Most shamefully of all, the UNHRC has whitewashed the illegal tactics of Hamas. Hamas used mosques as arsenals, playgrounds as rocket launch pads and hospitals as battle command centres. Despite a wealth of video and eyewitness evidence, Goldstone failed to condemn these crimes. Ludicrously, Goldstone defines members of Hamas’s police force as “civilians”, despite their role in implementing and enforcing Hamas’s bloody takeover of Gaza.
The Goldstone report’s assertion that the Israeli courts cannot be trusted is as dishonest as it is insulting. Israel’s legal system holds its army to account at least as thoroughly as any in the free world. Israeli courts have scrutinised previous military operations, and mistakes or wrongdoing have been punished at the highest levels. Legal investigations into the war in Gaza are already under way. Difficult issues, including the use of white phosphorus, as reported by The Times, will not be ignored. But Israel does not need lectures in transparent, democratic legal process from a report mandated by dictatorships.

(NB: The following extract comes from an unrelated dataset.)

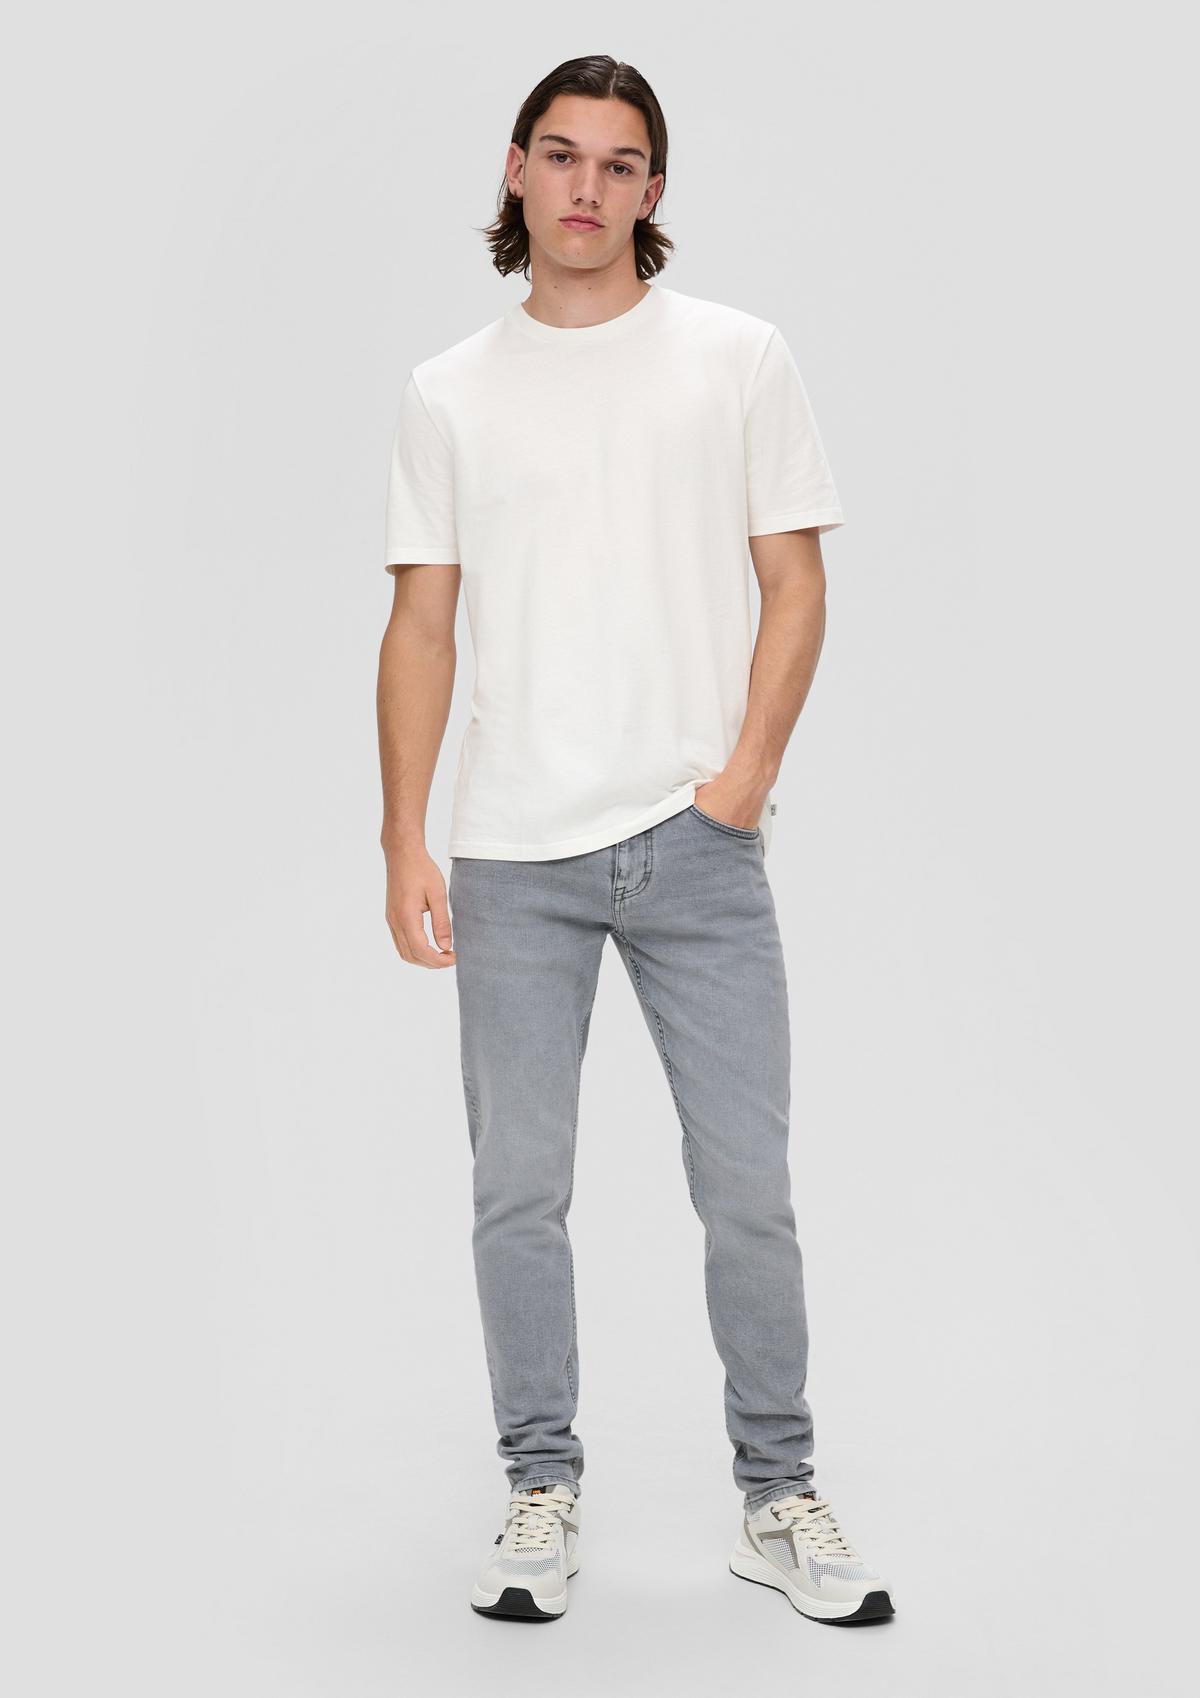 Jeans hlače Shawn / kroj Regular Fit / Mid Rise / Tapered Leg

This report undermines the challenges faced anywhere in the world where accountable armies of democracies confront unaccountable terrorists shielding behind civilians. Nato forces in Afghanistan face a similar problem. On this occasion, it is Israel that has been singled out. But British soldiers on the front line against terror in Afghanistan might also find themselves pursued by a deranged Gaddafi, an unhinged Ahmadinejad or their friends at the UN Human Rights Council.
The UNHRC will meet in Geneva today to congratulate itself on its latest triumph in hypocrisy. For the world’s worst dictators and terrorists, the UNHRC is nothing but a fancy-dress party with a judicial theme. Sadly, on this occasion Richard Goldstone was willing to lend them his costume.